PPP Sentencing: The majority of Payroll Protection Program (PPP) and EIDL loan fraud sentences handed down by federal judges to date have included prison time.

The COVID-19 economic relief programs for small enterprises were approved by the government in May 2020. Since then, fraud involving the Payment Protection Program (PPP) and the Economic Injury Support Loan (EISL) has dominated the news. 

Fraudulent PPP Loan Investigations

In May 2020, when the government launched the PPP loan program, federal law enforcement also started looking into fraud claims. Among the things these probes looked into were:

  • Fraud in the loan application process for PPP (including EISL).
  • Loans being given to people or businesses who are not eligible; and
  • Misuse of PPP loan proceeds intended to pay for salaries and other company expenditures

Following the first police investigations, hundreds of people were detained and charged with crimes. The government still documents new PPP loan fraud instances each week.

There are many more upcoming PPP loan fraud instances, and they will continue to make headlines.

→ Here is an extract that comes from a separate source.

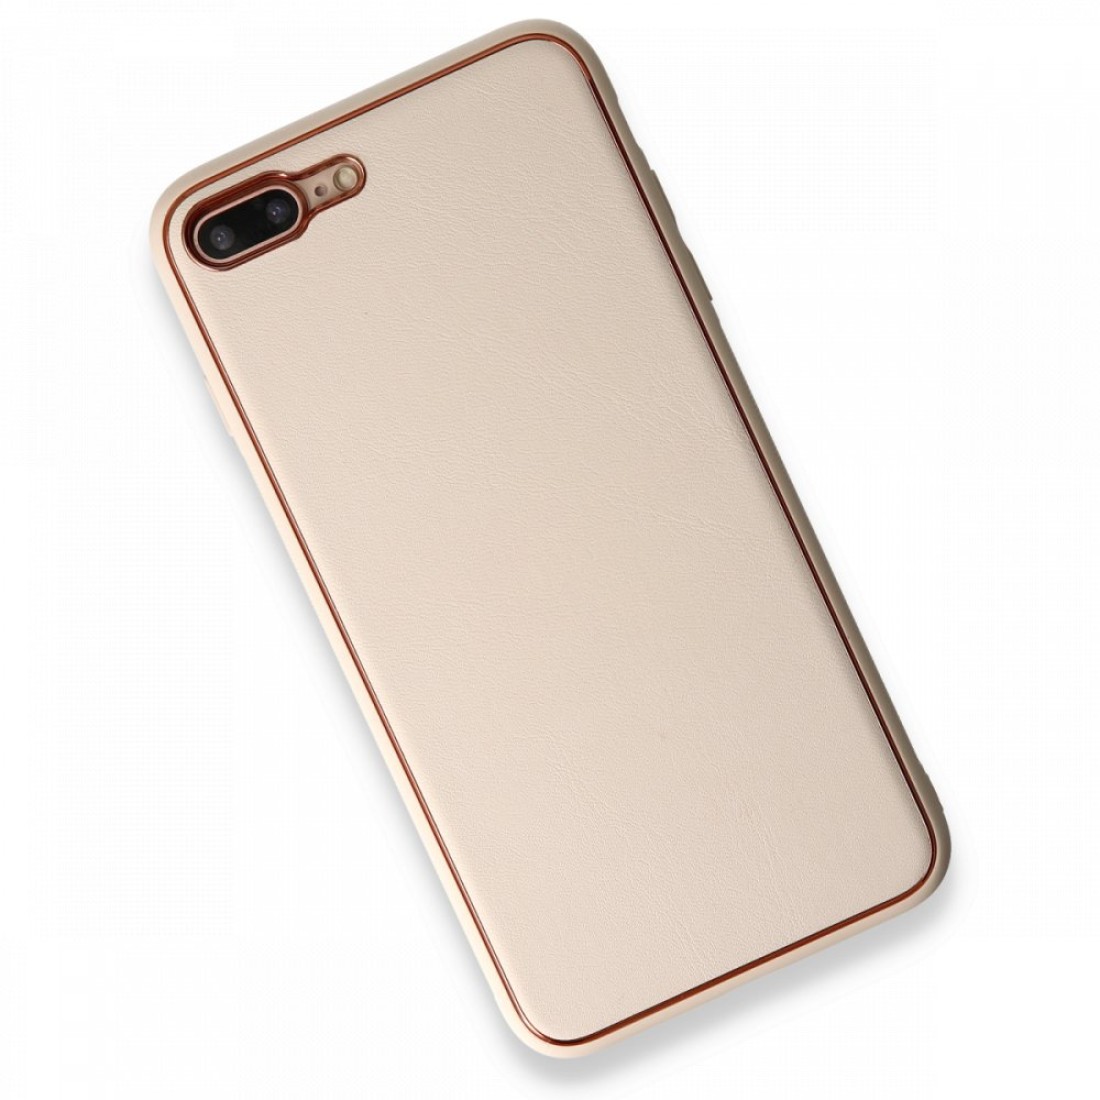 Apple iPhone 7 Plus Kılıf Coco Deri Silikon Kapak - Gold

Additionally, as more PPP loan recipients seek for loan forgiveness over the next 18 months, new government audits and thorough reviews of the original application’s data will be prompted by their initial loan applications. It is hazardous and may result in criminal charges to request PPP loan forgiveness when the initial PPP loans contained fraudulent information.

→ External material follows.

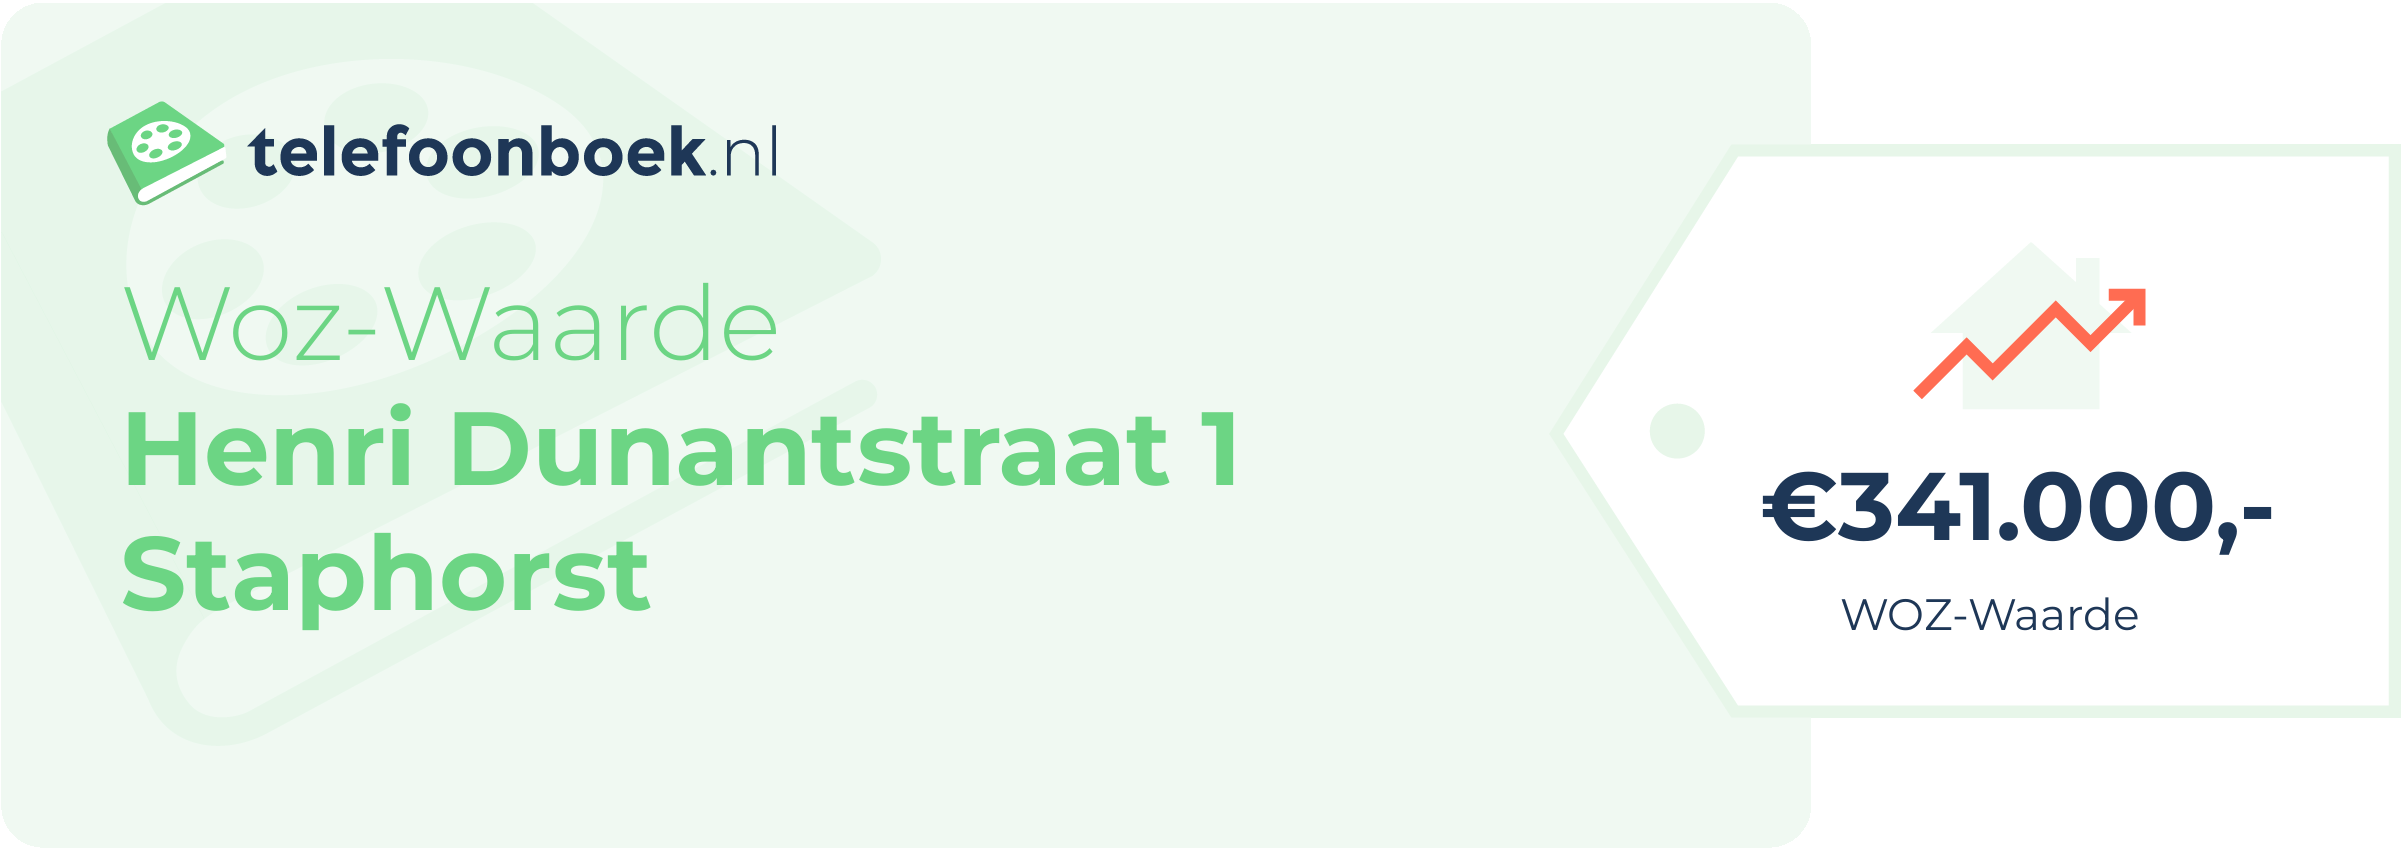 WOZ-waarde Henri Dunantstraat 1 Staphorst

Verdicts of Sentences in PPP Fraud Cases

So far, defendants have entered guilty pleas in the majority of PPP loan fraud (and related) cases. (We are only aware of one reported jury trial involving PPP loan fraud.)

After entering a guilty plea, defendants in the majority of instances are now finishing their pre-sentence investigations and getting ready to appear before the sentencing judge for a sentencing hearing.

Let’s examine how federal judges and prosecutors approach PPP loan fraud defendants’ sentencing. Is the loan amount, for instance, the main factor? Do the majority of offenders receive prison sentences, or are many also eligible for probation? What is the typical sentence to prison?

The evidence is currently more anecdotal than not, but when more individuals are sentenced, we will closely watch developments.

The issue “Do people go to prison for a $20k PPP loan?” is one that is frequently posed on the internet and in social media. expressing doubt that receiving a $20k PPP loan may result in jail or prison time.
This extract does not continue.